Unpacking the Spark Web UI

A quick overview of how to navigate the Spark Web UI



The Spark Web UI provides an interface for users to monitor and inspect details of their Spark application. You can leverage it to answer a host of questions like:

  • How long did my job take to run?
  • How did the Spark optimizer decide to execute my job?
  • How much disk spill was there in each stage? In each executor?
  • What stage took the longest?
  • Is there significant data skew?

These capabilities make the Web UI incredibly useful. Unfortunately, it is not the easiest thing to understand. In this post I’ll provide a quick tour of the Web UI by leveraging a simple Spark job as a reference point. If your new to Spark or need a refresher on things like “jobs”, “stages” and “tasks”, I encourage you to read my high level intro of Spark first. It’s also important to note that everything shown in this post is using Spark v2.4.4 1.

Onwards!

Example Job & Data

We’ll imagine we have a bunch of e-commerce data, and we want to find out the maximum transaction value on each day in each country. For this example, we’ll have two datasets to help us answer this question. A transactions model with 1 row per transaction, and information like the transaction timestamp and amount.

transaction_id shop_id created_at currency_code amount
1 123 2021-01-01 12:55:01 USD 25.99
2 123 2021-01-01 17:22:05 USD 13.45
3 456 2021-01-01 19:04:59 CAD 10.22

The transactions model will also have a reference (shop_id) that links it to another model, shop_dimension, which has 1 row per shop and some metadata for that shop.

shop_id shop_country_name shop_country_code
123 Canada CA
456 United States US

Head to the notes section to see the code I used to generate these two datasets. Using plain SQL, we could find the max transaction value per country & day with:

SELECT
    sd.shop_country_code,
    trxns.created_at_date,
    MAX(amount) AS max_transaction_value
FROM
    transactions AS trxns
    INNER JOIN shop_dimension AS sd
        ON trxns.shop_id=sd.shop_id
GROUP BY 1,2

And in PySpark, the code would look something like:

output = (
    trxns_skewed_df
    .join(shop_df, on='shop_id')
    .groupBy('shop_country_code', 'created_at_date')
    .agg(
        F.max('amount').alias('max_transaction_value')
    )
)

result = output.collect()

Navigating the UI

Jobs

.collect() is an action, and actions trigger jobs in Spark. If you click on the Jobs tab of the UI, you’ll see a list of completed or actively running jobs. From this view, we can see a few things:

  • The action that triggered the job (collect at <ipython-input-320-...>)
  • The time it took (6.7 min)
  • The number of stages (4) and tasks (1493)

When we click into our job we can see some more details, particularly around the stages. Our job has 4 stages, which makes sense since a new stage is created whenever there is a shuffle. We have:

  • 1 stage for the initial reading of each dataset
  • 1 for the join
  • 1 for the aggregation

Stages

From the detailed job view, we can zoom into any of the stages. I clicked on the third one (Stage 892) where the join on shop_id is happening. Spark throws a bunch of information at us:

  • High level stats like:
    • Shuffle Read: Total shuffle bytes of records read during the shuffle
    • Shuffle Write: Bytes of records written to disk in order to be read by a shuffle in a future stage
    • Shuffle Spill (Memory): The uncompressed size of data that was spilled to memory during the shuffle
    • Shuffle Spill (Disk): The compressed size of data that was spilled to disk during the shuffle
  • Summary metrics (duration, shuffle, etc.) across all tasks and percentile
  • Aggregated metrics by executor

When looking at a given stage, it can often be tricky to figure out what is actually happening in that stage. To help with this, you can use the DAG visualization to get a high level sense of what the stage is doing. Below, you can see two datasets being shuffled and merged together. Pairing this with the knowledge of our query from above, you can ultimately deduce that this is where the join is happening.

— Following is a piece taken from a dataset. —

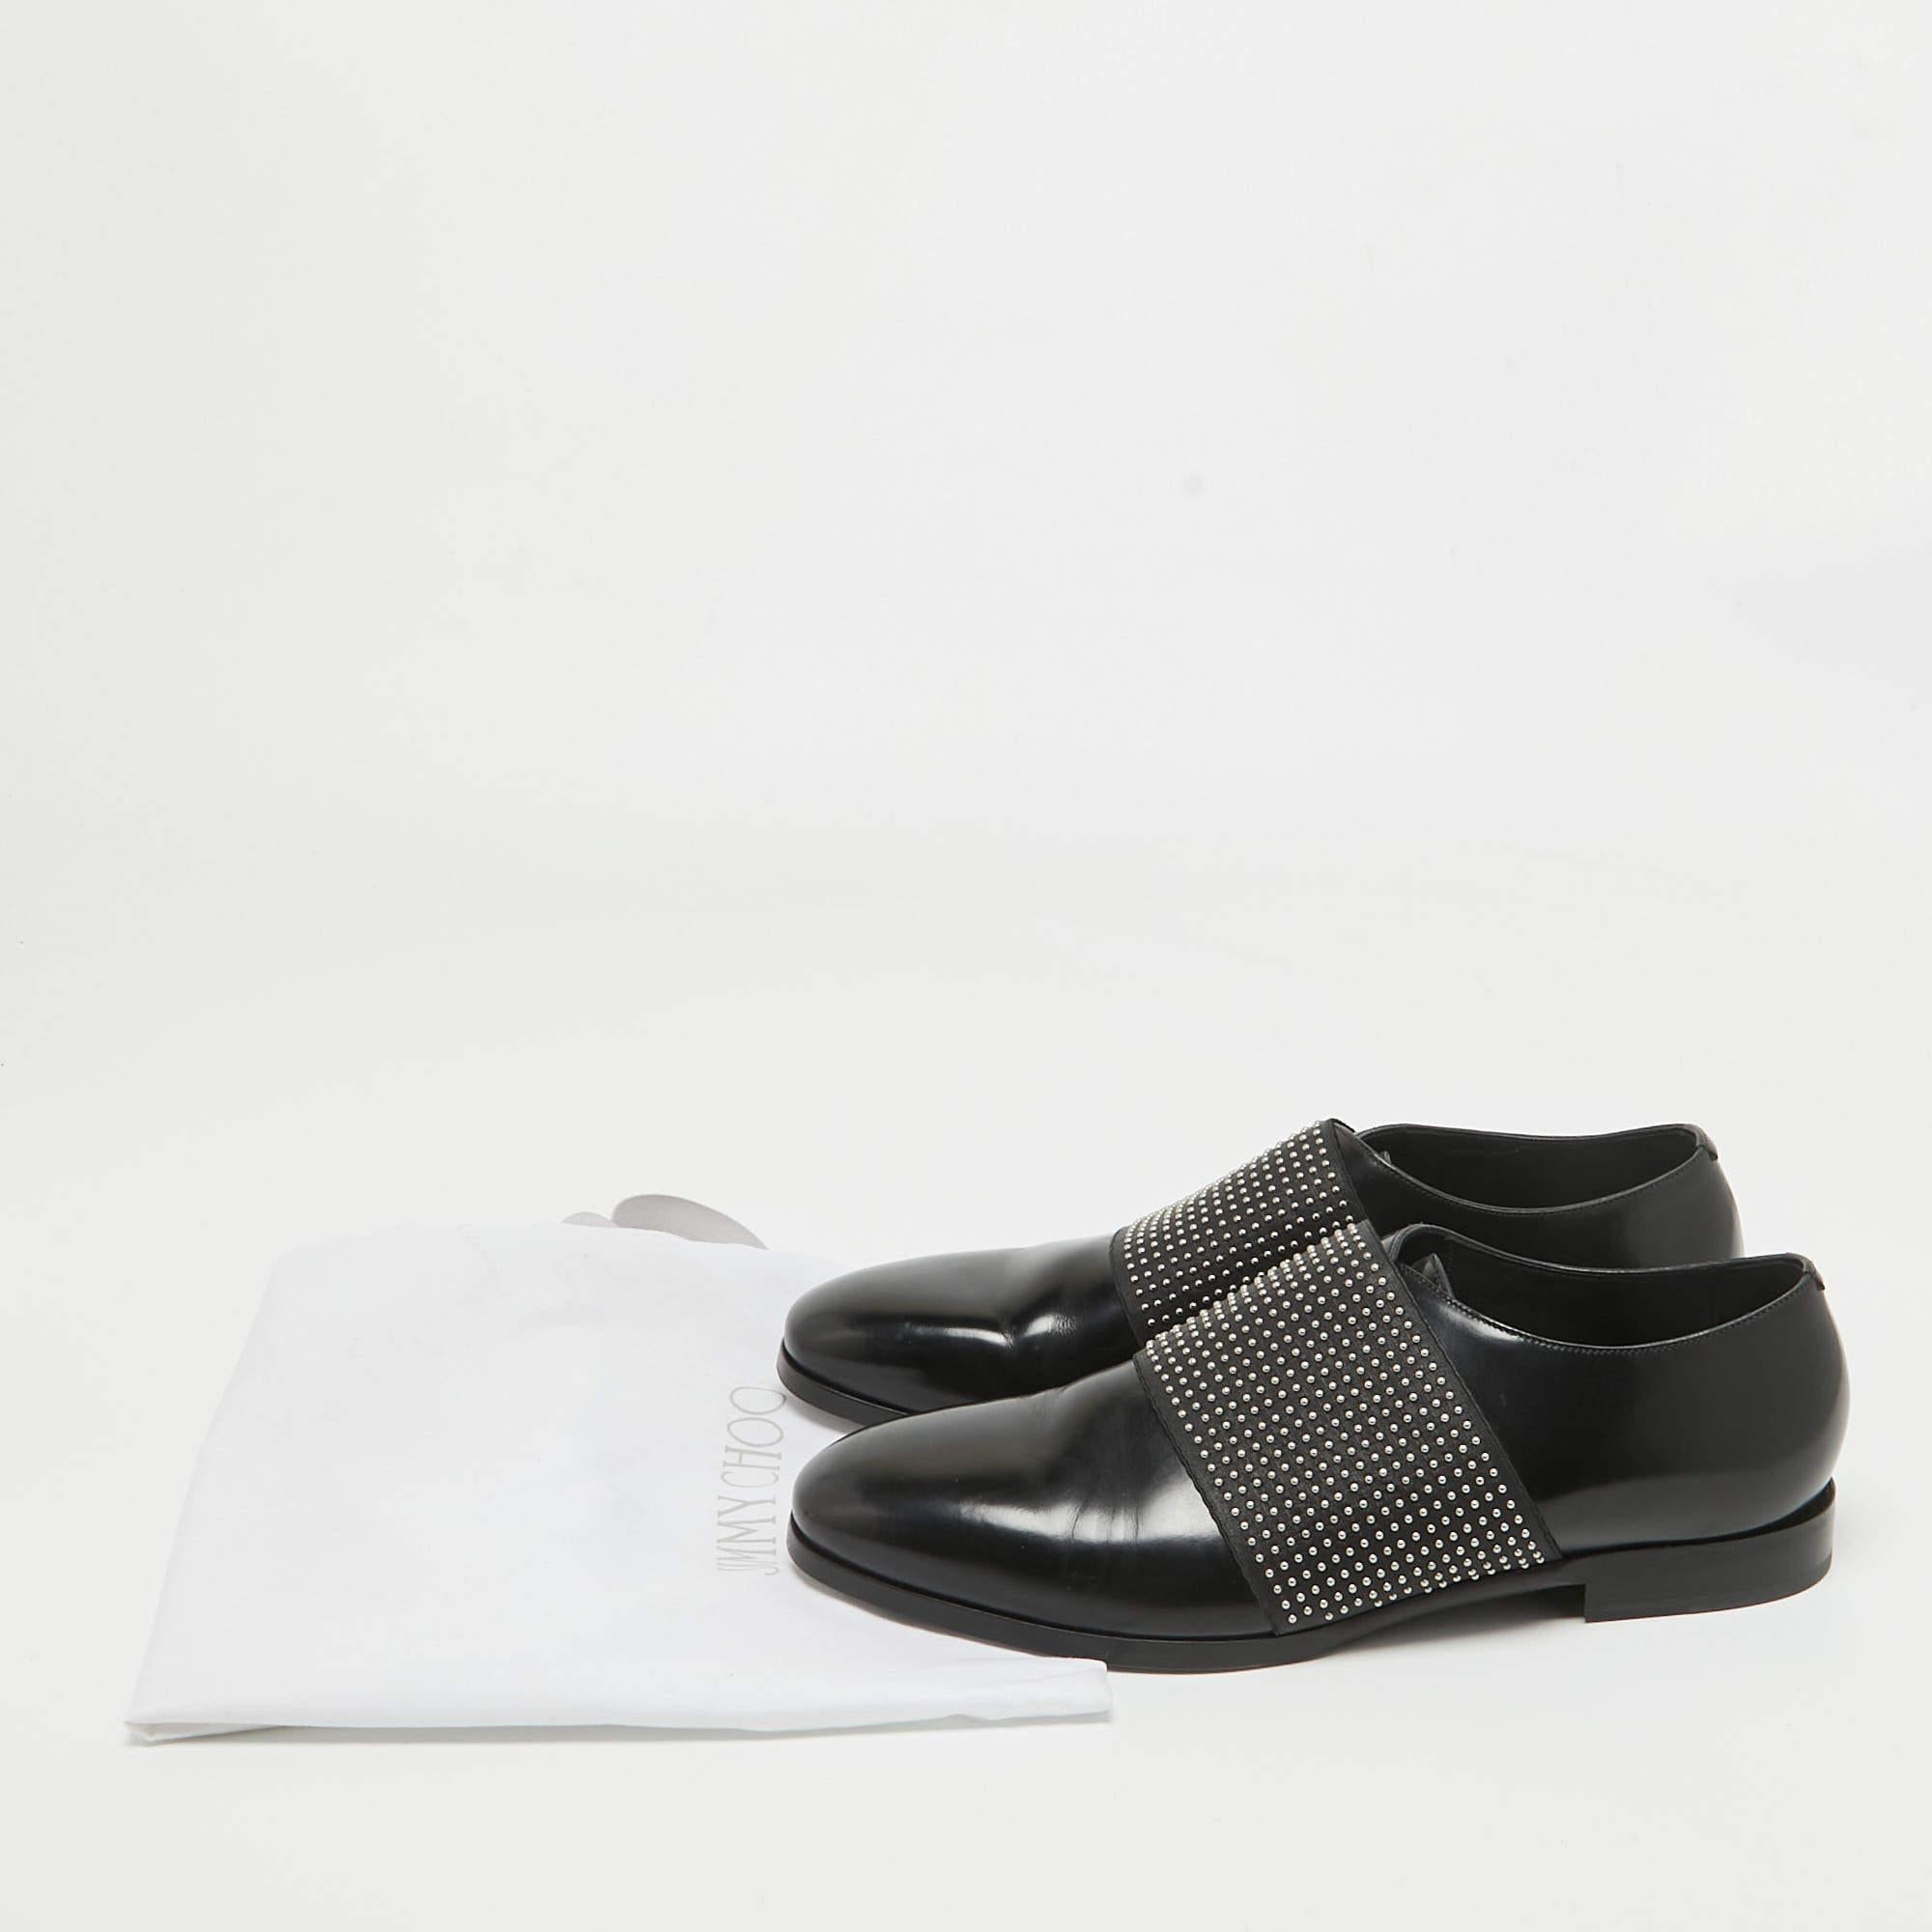 Jimmy Choo Black Leather Embellished Slip On Loafers Size 42 For Sale 4
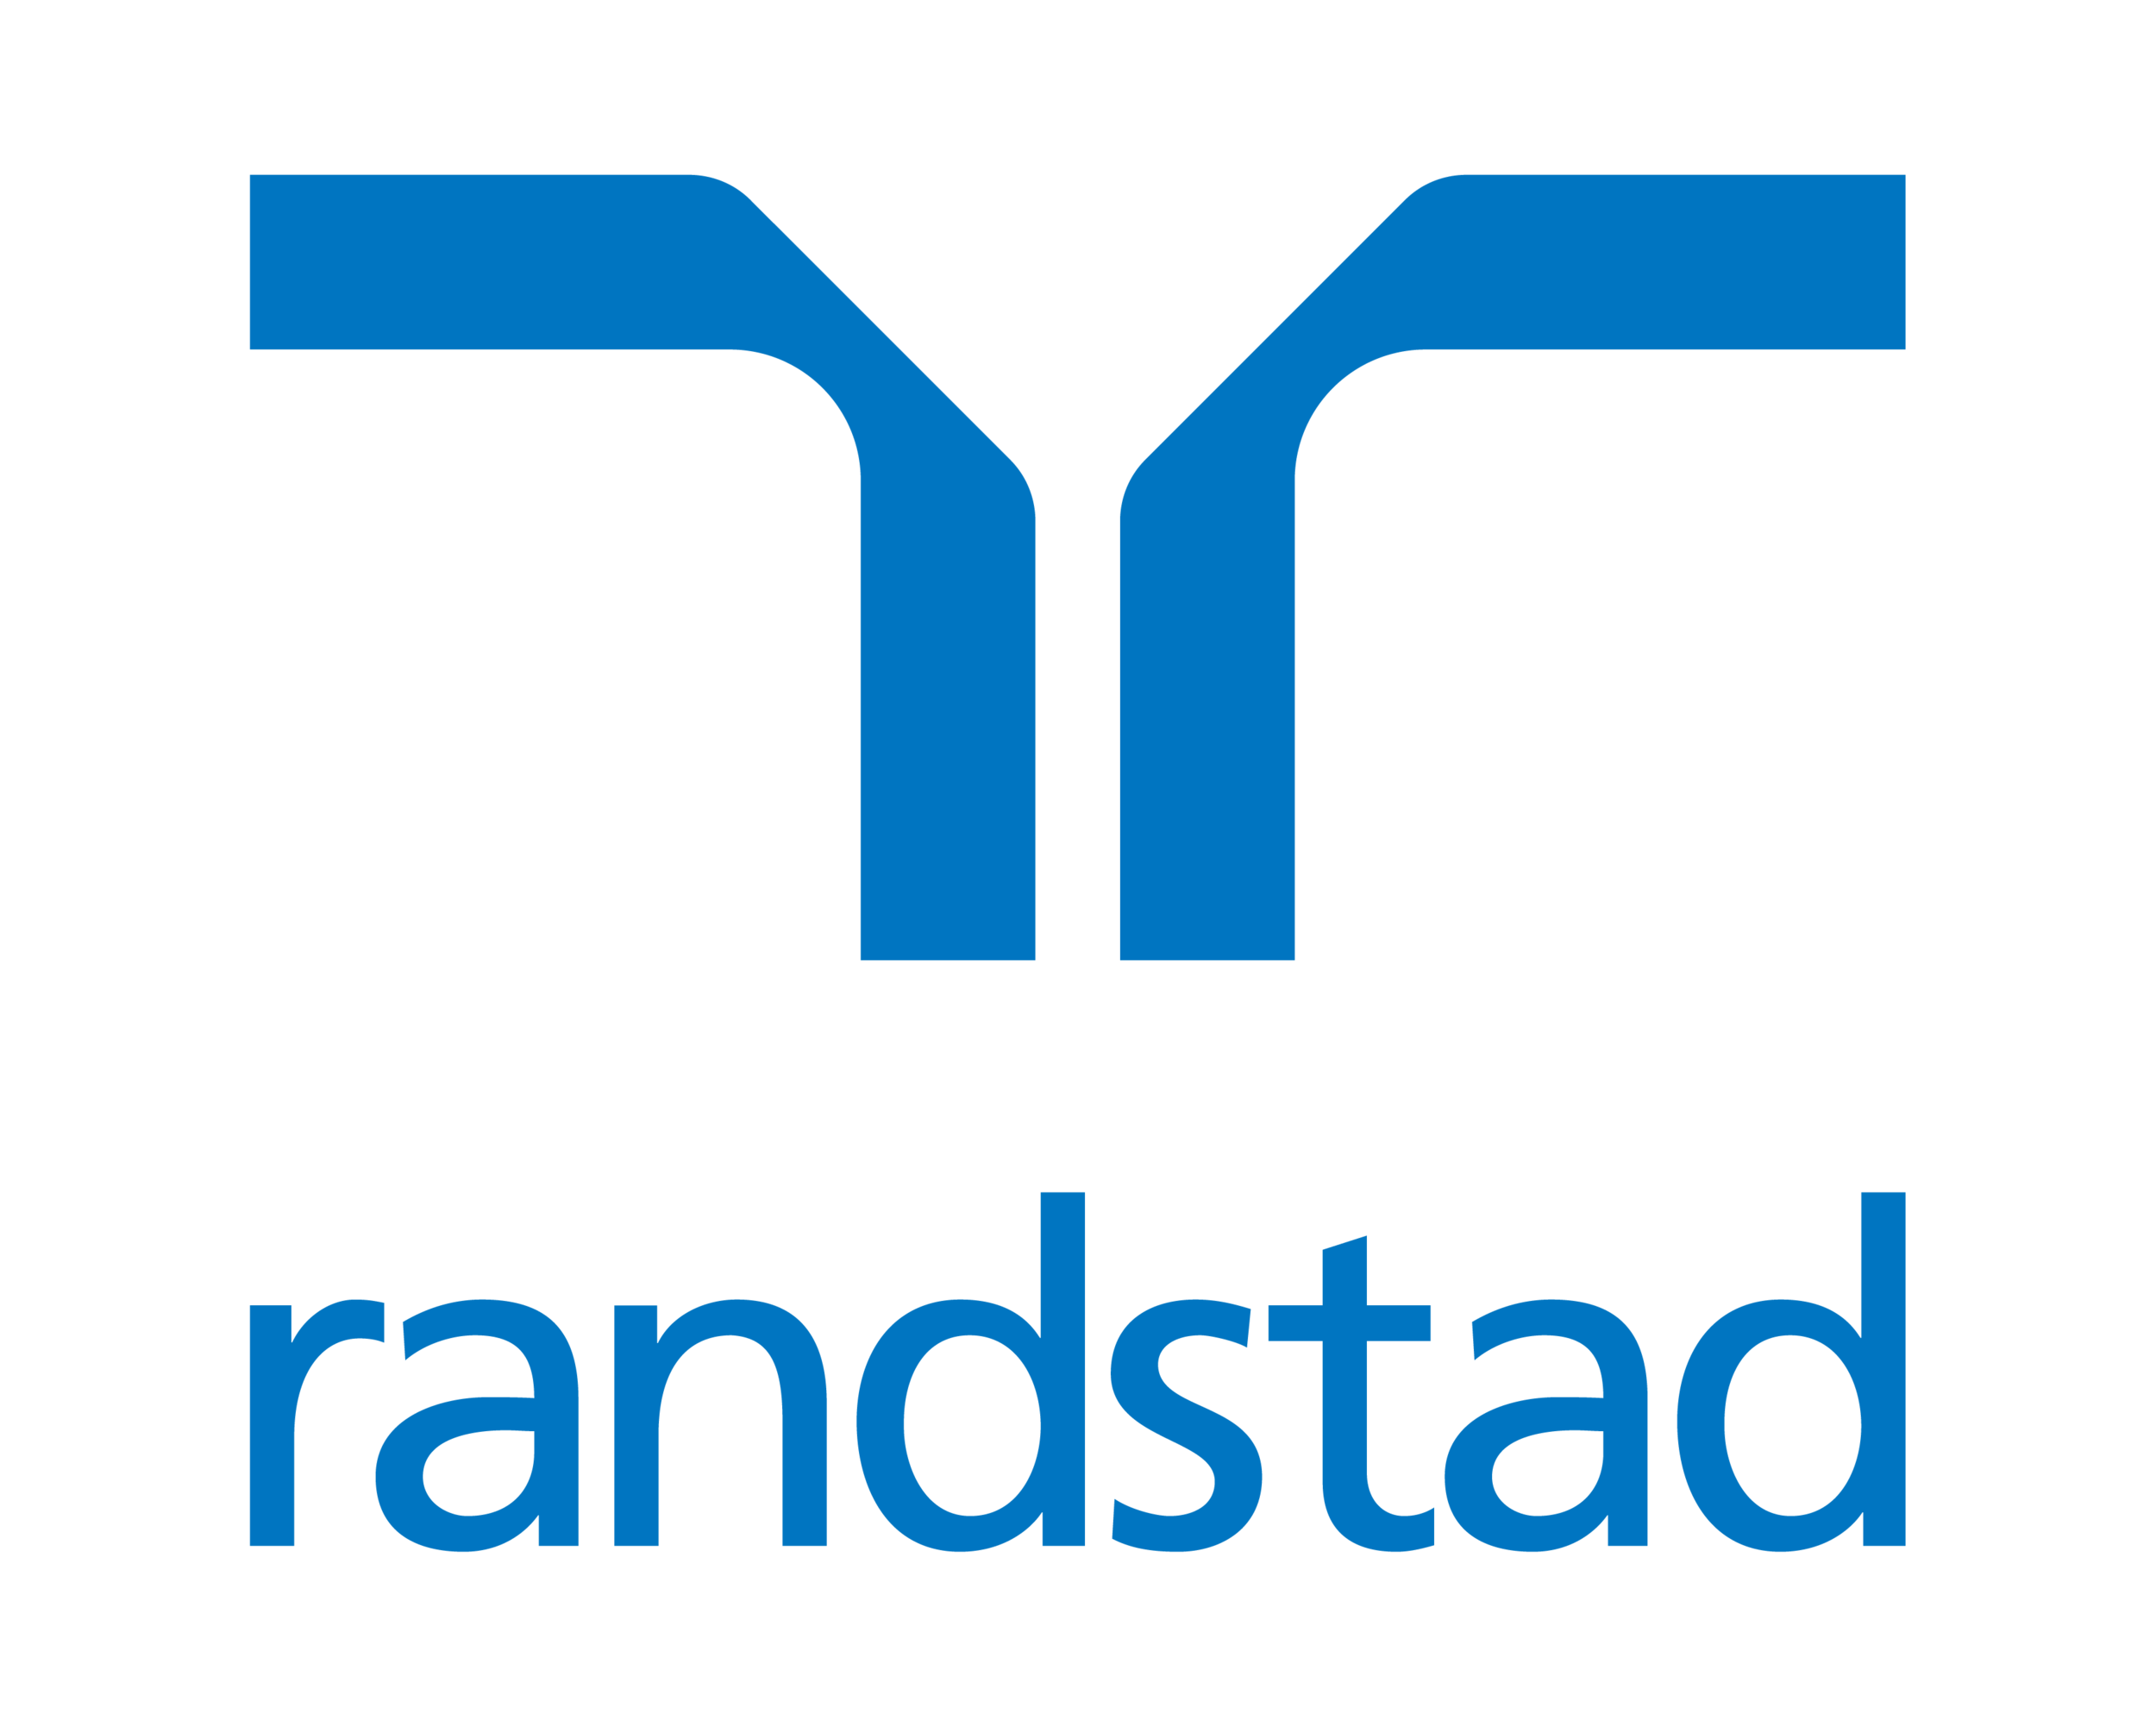 Randstad logo 2 - Elize Tai.png

I intentionally generated a very skewed dataset by having a small % of shops make up a large % of all transactions. The impact of this on our job quickly becomes evident.

  1. We can see there is ~20GB of disk spill happening. This is because there isn’t enough memory available to complete the tasks (shuffling and joining), so Spark has must write data down to disk. This is both expensive (slow) and can potentially take down the entire node if there is too much disk spill.
  2. Looking at the summary metrics across all tasks, we can see that some tasks are taking much longer than others (max time = 4.9 min vs. median time = 17 seconds, that’s 17 times as long!). Similarly, some tasks have much more disk spill than others (max disk spill = 4.7GB vs. median disk spill=36.1MB, 133 times as big!). This is a direct result of our skew: performing the join for shops with a large number of transactions (records) takes longer and spills more because the data is too big!
  3. Looking at the aggregated metrics per executor, we can see that some executors (like #61) are spilling more data to disk than others. This is likely a function of some executors having to deal with much larger partitions than others, again thanks to the skew.

SQL

For most dataframe jobs3, the SQL tab can be leveraged to visualize how Spark is executing your query. You can find the query of interest by selecting the one associated with your job:

You’ll then be presented with a nice graphical visualization of your job. I personally find these the most useful to diagnose what’s going on. We can see each dataset being read in and the associated size of each, the shuffle operation before the join and the eventual join. You can leverage the summary stats on this page to see things similar to what we saw on the Stage page, like the disk spill from the join!

You can hover over different parts of the query to learn more, like which dataset is being scanned (it will show the full GCS path) or how many partitions are being used in the shuffle - in this example, it is 200, the default value set by Spark (see the hashpartition(shop_id#3104, 200) that appears when I hover over the Exchange block).

Plans

At the bottom of the page, you can see the different plans Spark created for your query. I only ever look at the Physical Plan, since that is what actually gets executed4:

The Physical Plan tells you how the Spark optimizer will execute your job, in written form. You can use it to understand things like what join strategies are being used. Did Spark decide to try and do a broadcast join? Or you can see what filters have been pushed down to the Parquet level. The graphical representation above is generally easier to use as a starting point, but sometimes you’ll need to go into the physical plan in order to get more details not shown visually.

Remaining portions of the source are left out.